Information on genomic architecture from Hi-C and similar approaches has been useful in diverse genome-structure applications (e.g., [30, 31]). To evaluate the utility of RTCC in investigating structural variation, we produced three conceptual “model reference genomes” with substantial structural variation, one where the standard N2 reference genome is related by a chromosomal fusion, one where the N2 genome is related by a reciprocal translocation, and one where the N2 genome is related by a large inversion. To model “real world” structural variants, we constructed the translocation with breakpoints at a homologous point in an extended DNA repeat (the transposon Tn5). This rearrangement would have remained undetected with paired end or split read sequencing. As shown in Fig. 5 all of the simulated structural variants could be readily detected using RTCC analysis.

Fig. 5
figure 5

Detection of simulated structural variants by RTCC. This figure shows an analytical evaluation of feasibility for using RTCC data to detect large scale structural variations in the C. elegans genome. For this analysis, the N2 reference genome was computationally modified to simulate “model reference genomes” that differ structurally from the normal C. elegans genome. We then analyzed the data from N2 (DpnII) experiments as in Fig. 2, aligning the reads to the indicated simulated reference genome and using a 50KB window size as above. In each case, the analysis yields a footprint characteristic of the simulated rearrangement. In (a), we simulated a two-chromosome fusion: we generated a model reference genome in which chrI was artificially separated into 2 parts (I-L and I-R), each 7.53MB long. Execution of our analysis pipeline resulted in visible evidence for a high level of contacts between the artificially created right tip of I-L and the artificially created left tip of I-R of the model reference genome, which are “fused” in the N2 genome. In (b), we simulated a reciprocal translocation by creating a model reference genome in which segments of chromosomes II and IV were virtually recombined. The simulated recombination was created in the middle of a TC5 transposable element (3171bp long) present in multiple copies in the genome to simulate a rearrangement that would have presented detection challenges by standard methods. The “translocation” in the N2 data (relative to the model reference genome) is evident on the plot, by the distinct accentuation of contacts between II-L and II-R and IV-L and IV-R. In (c), we generated a model reference genome in which a large inversion (4MB in length) was virtually introduced on chromosome I. Evidence for inversion is visible on the plot

Conclusions

In this study we modified and optimized TCC protocol to work with limited amounts of unfractionated tissue, avoiding subcellular fractionation and chromatin isolation.

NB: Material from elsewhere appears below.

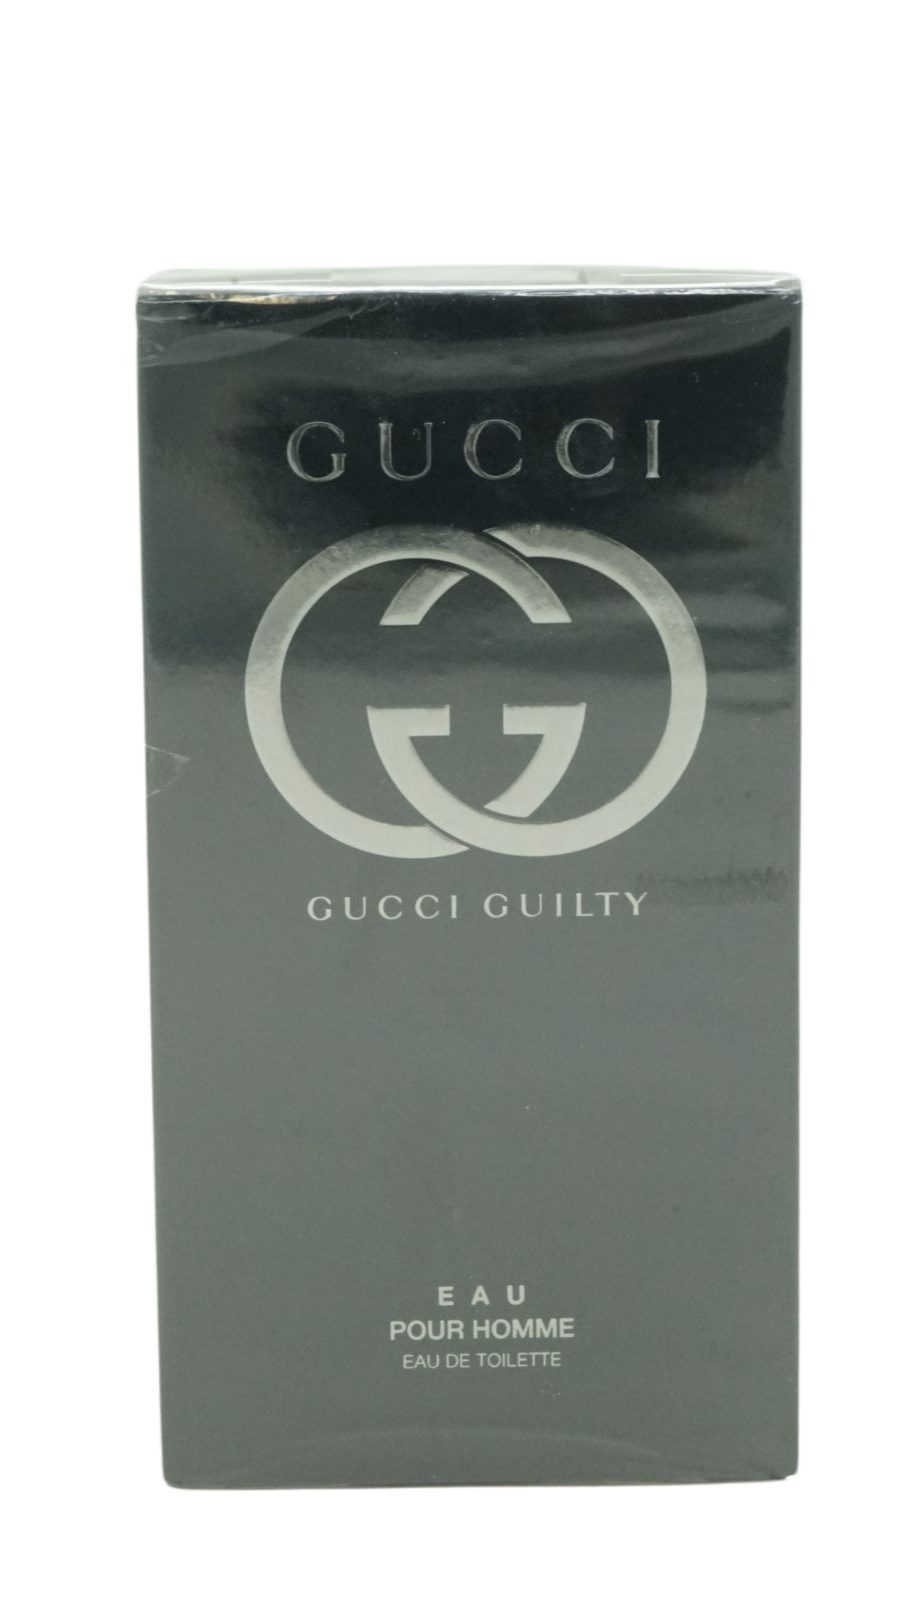 Toilette 90ml Gucci de Guilty Eau GUCCI Toilette homme pour Eau de

The ability to measure proximity between genomic loci in linear space can be utilized both in structural studies of chromosomes and in applications such as genome assembly or phasing.

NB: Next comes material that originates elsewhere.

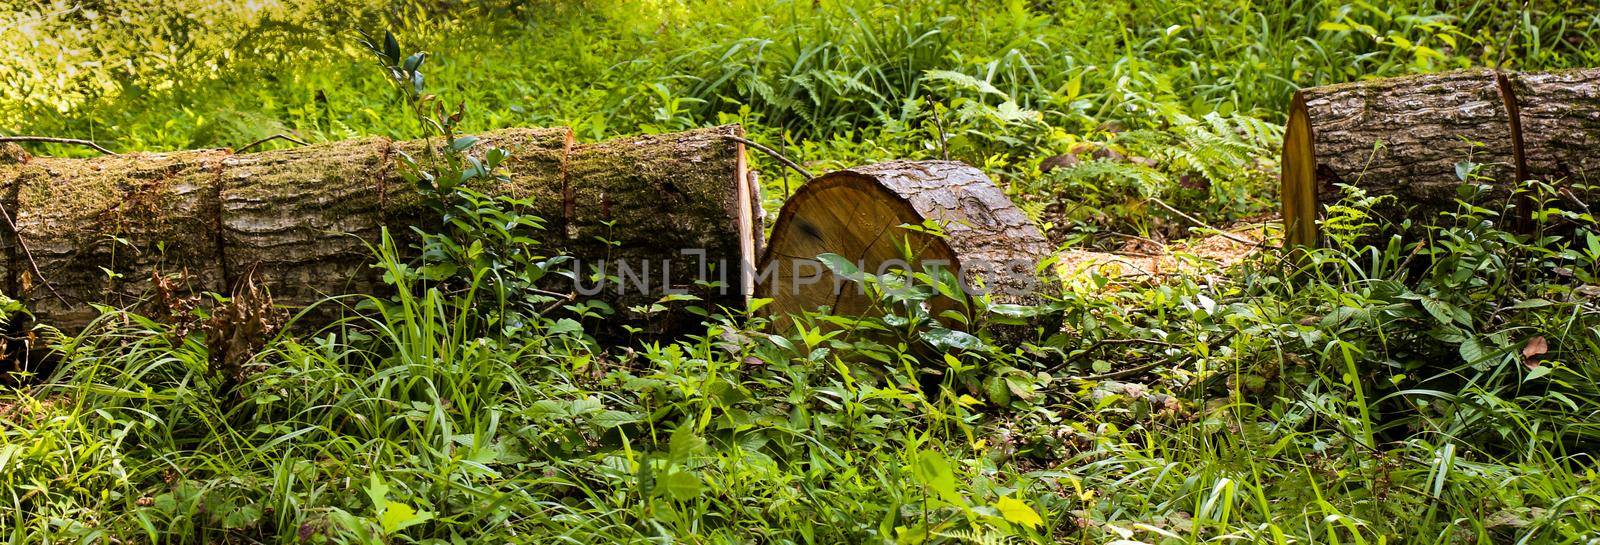 Freshly cut tree logs  in garden by berkay

The RTCC protocol that we present here should provide an efficient and robust means of performing Hi-C experiments in general and in nematodes in particular. Our method allows detection of long-range contacts between genomic loci, supplying useful information to study three-dimensional organization of the genome. Further, Hi-C data sets generated using our RTCC protocol can provide a measurement of proximity between genomic elements in linear sense, allowing this knowledge to be used in bioinformatics applications such as LACHESIS for high quality genome assembly [6].

Methods

Nematode strains

Experiments were carried out with two C. elegans cultivars, each derived from the original wild type “N2” isolate used by Brenner [15], PD7052 is an N2 stock obtained from the Caenorhabditis Genetics Center (Minnesota, USA) in 2001, while PD1074 is a clonal isolate from the genomically defined N2-derivative VC2010 obtained from M. Edgley and colleagues [32]. Germ cell deficient animals were obtained as described below from the temperature sensitive mutant strain glp-1(e2141ts)III [33].

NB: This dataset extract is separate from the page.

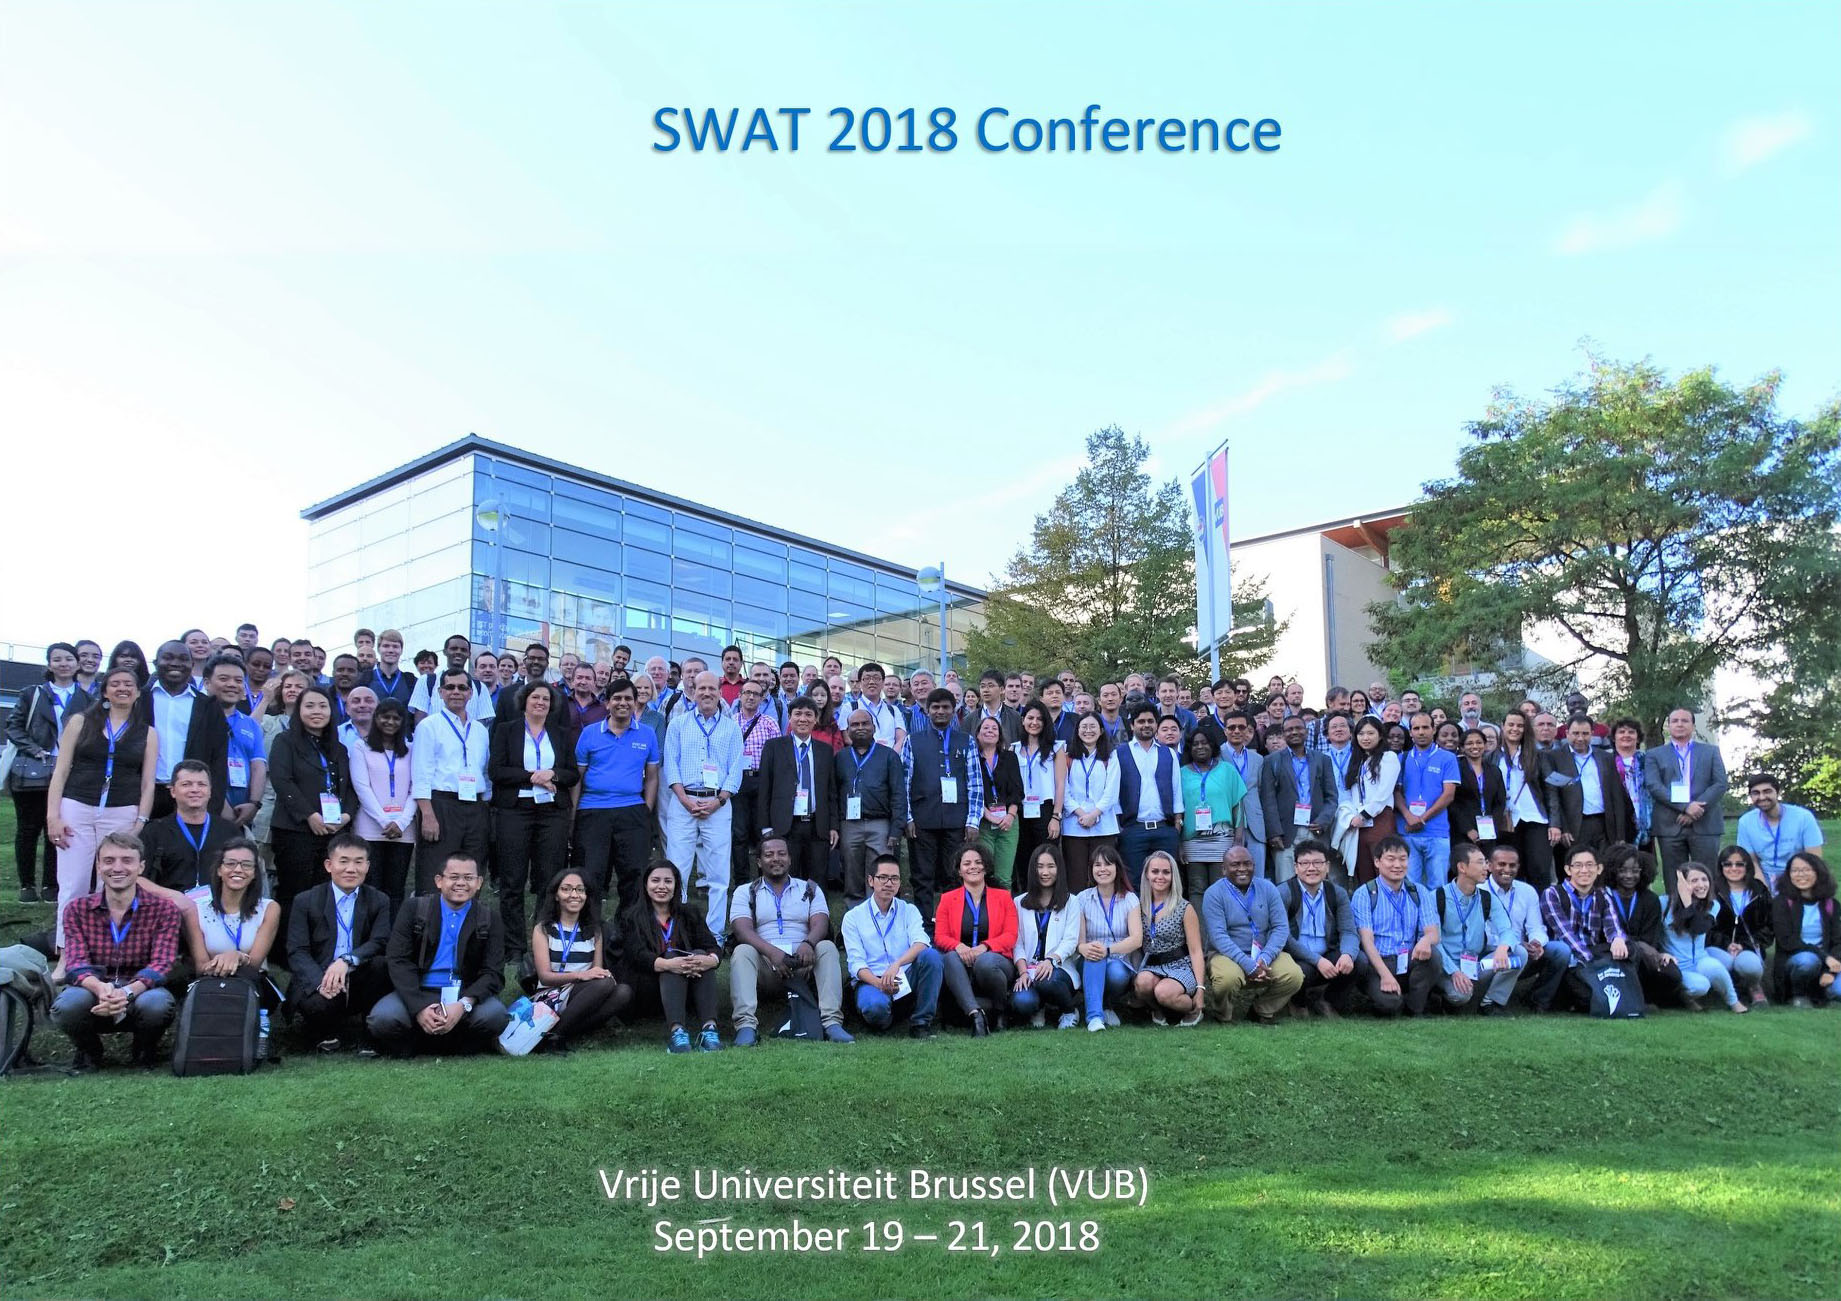 SWAT2018-Brussels-Group-Photo.jpg

L1 stage larvae starved and fed animals

To obtain synchronized wild-type L1 stage larvae, animals from N2 (PD7052) strain worms were grown in liquid culture in S-complete media [34] supplemented with Escherichia coli HB101 bacteria at 20 °C shaking at 180 rounds per minute. Embryos were obtained by standard bleaching protocol and hatched in sterile S-complete liquid media. The animals were starved for 24 h for population synchronization. Half of the synchronized starved L1 stage larvae animals were harvested and frozen in liquid nitrogen [“starved” sample], while the remainder [“fed” sample] were fed on HB101 bacteria for 3 h before harvesting and freezing in liquid nitrogen.

Wild-type N2 and mutant glp-1(e2142ts)III young adult animals

Young adult populations were grown on enriched nematode growth medium plates with Escherichia coli OP50 bacteria [15] at 23 °C, the worm population was synchronized by standard bleaching protocol [15] and starvation for 24 h on unseeded nematode growth media plates at 16 °C. Synchronized L1 stage larvae animals were transferred to enriched nematode growth media seeded with Escherichia coli OP50 bacteria [15] and grown at 23 °C until reaching young adulthood.

In order to obtain germline-depleted populations, we used a temperature sensitive mutant, glp-1(e2141ts)III, which produces a gonad with approximately 20 sperm, in contrast to the thousand or more germ cells present in wild type animals [33, 35]. glp-1(e2141ts)III animals were grown on enriched nematode growth medium plates with Escherichia coli OP50 bacteria at permissive temperature (16 °C). The worm population was synchronized by standard bleaching protocol and starvation for 24 h on unseeded nematode growth media plates at 16 °C. Synchronized L1 stage larvae animals were transferred to enriched nematode growth media seeded with Escherichia coli OP50 bacteria at restrictive temperature (23 °C) [36]. The worms were grown at 23 °C until reaching young adulthood.

RTCC Protocol

Animals were harvested by chilling on ice, centrifugation at 950g for two minutes and washing several times with cold M9. Pellets consisting each of approximately 100μl of closely packed worms were flash frozen in liquid nitrogen and stored in -80 °C. The flash frozen worm pellets were ground to fine powder in liquid nitrogen. The grinding was performed either using mortar and pestle or using an electric drill with “Cellcrusher” drill-bit and “Cellcrusher” base held at liquid nitrogen temperatures [http://cellcrusher.com/tissuepulverizer/, http://cellcrusher.com/drill-bit-2/]. The grinding was done for several minutes, until reaching a fine powder. The powder was stored at -80 °C.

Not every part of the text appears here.